The UDF tasked Leipoldt, while he still served on the South West Africa Boundary Commission, to evaluate whether South Africa might become involved in military operations in Portuguese east Africa.

Given the long previous history of South Africa’s acquisitive desires for Delagoa Bay, it would be naive to assume a purely military role behind Plan Z. The need for a plan evolved from a perceived threat from Portugal in the interwar years.

There was a possibility that an Axis intelligence and military force would use Mozambique as a base. During the interwar period, Portugal strengthened her garrisons in her African possessions and made a topographical study of her borders with South Africa.

The activities of Portuguese intelligence officers and cartographers made Pretoria nervous.

The fact that the Portuguese were soon to reinforce their seven military aircraft in Lourenço Marques with an additional seven added to the general disquiet.

The establishment of some radio stations in Angola was of particular concern, as this had been the primary casus belli regarding German South West Africa.

World War 2 brought its insecurities regarding Mozambique and a possible Nazi takeover of Lourenço Marques. The UDF tasked Major-General George Brink with making a plan involving at least one motorised brigade to invade and seize Lourenço Marques if the need arose.

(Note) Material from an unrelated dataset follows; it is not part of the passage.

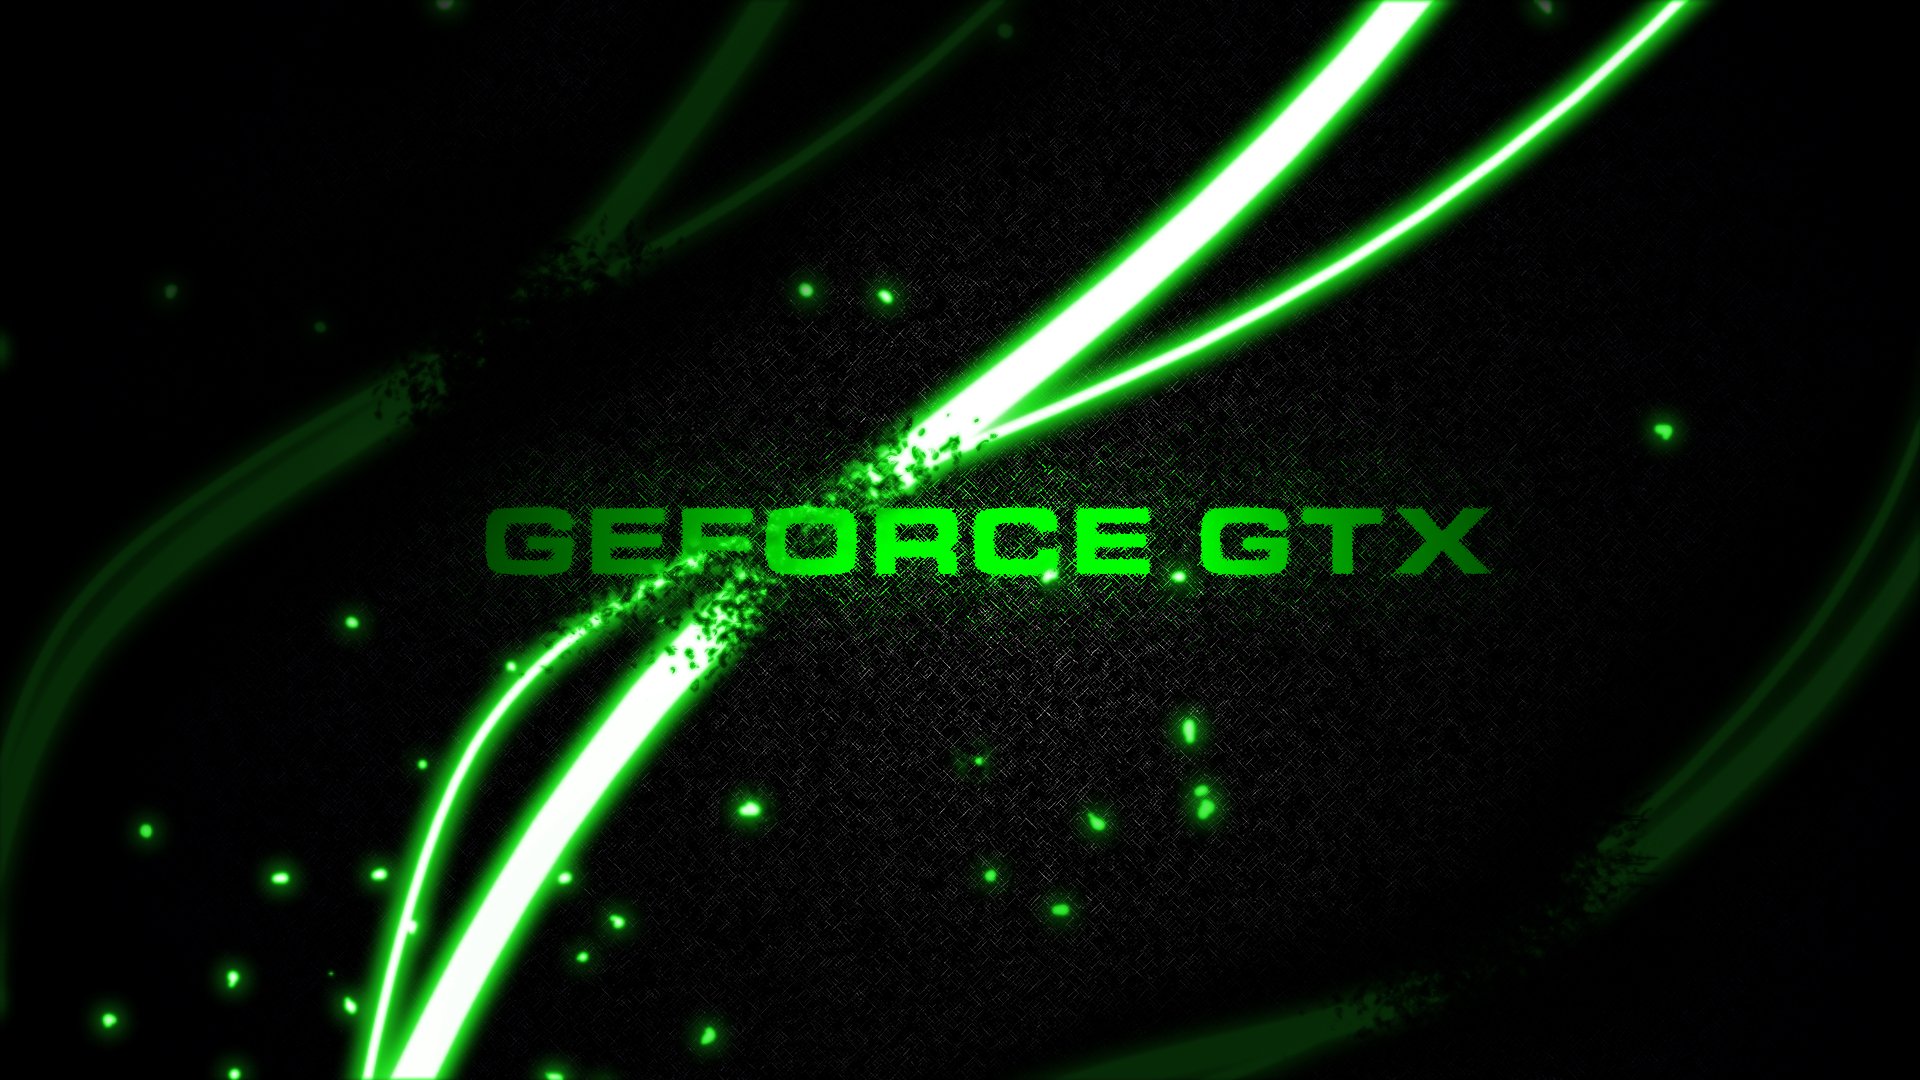 GeForce GTX 1080 nVidia | Hi tech wallpaper, Technology wallpaper, Graphic  card

The controversial decision to go ahead if Italy entered the war was confirmed on June 10 1940. The UDF ordered the brigade commander of 1st South African Infantry Brigade to invade within an hour.

A breakdown in logistics and an inexplicable unavailability of fuel caused the delay of the operation. A shortage of vehicles and persisting fuel problems caused a further delay.

Despite all the problems, which included wireless sets not working and reckless driving, elements of 1st Brigade began to assemble at Komatipoort on the border by June 12.

The original bold plan of sweeping through to Lourenço Marques diminished to one of taking up defensive positions in Komatipoort.

This change of heart occurred in the face of overwhelming disorganisation, and perhaps intervention from a higher source.

South Africa came within a whisper of invading Mozambique and occupying Lourenço Marques, and, had the operation not faced logistic issues, the long dream of acquiring Delagoa Bay would have been a reality.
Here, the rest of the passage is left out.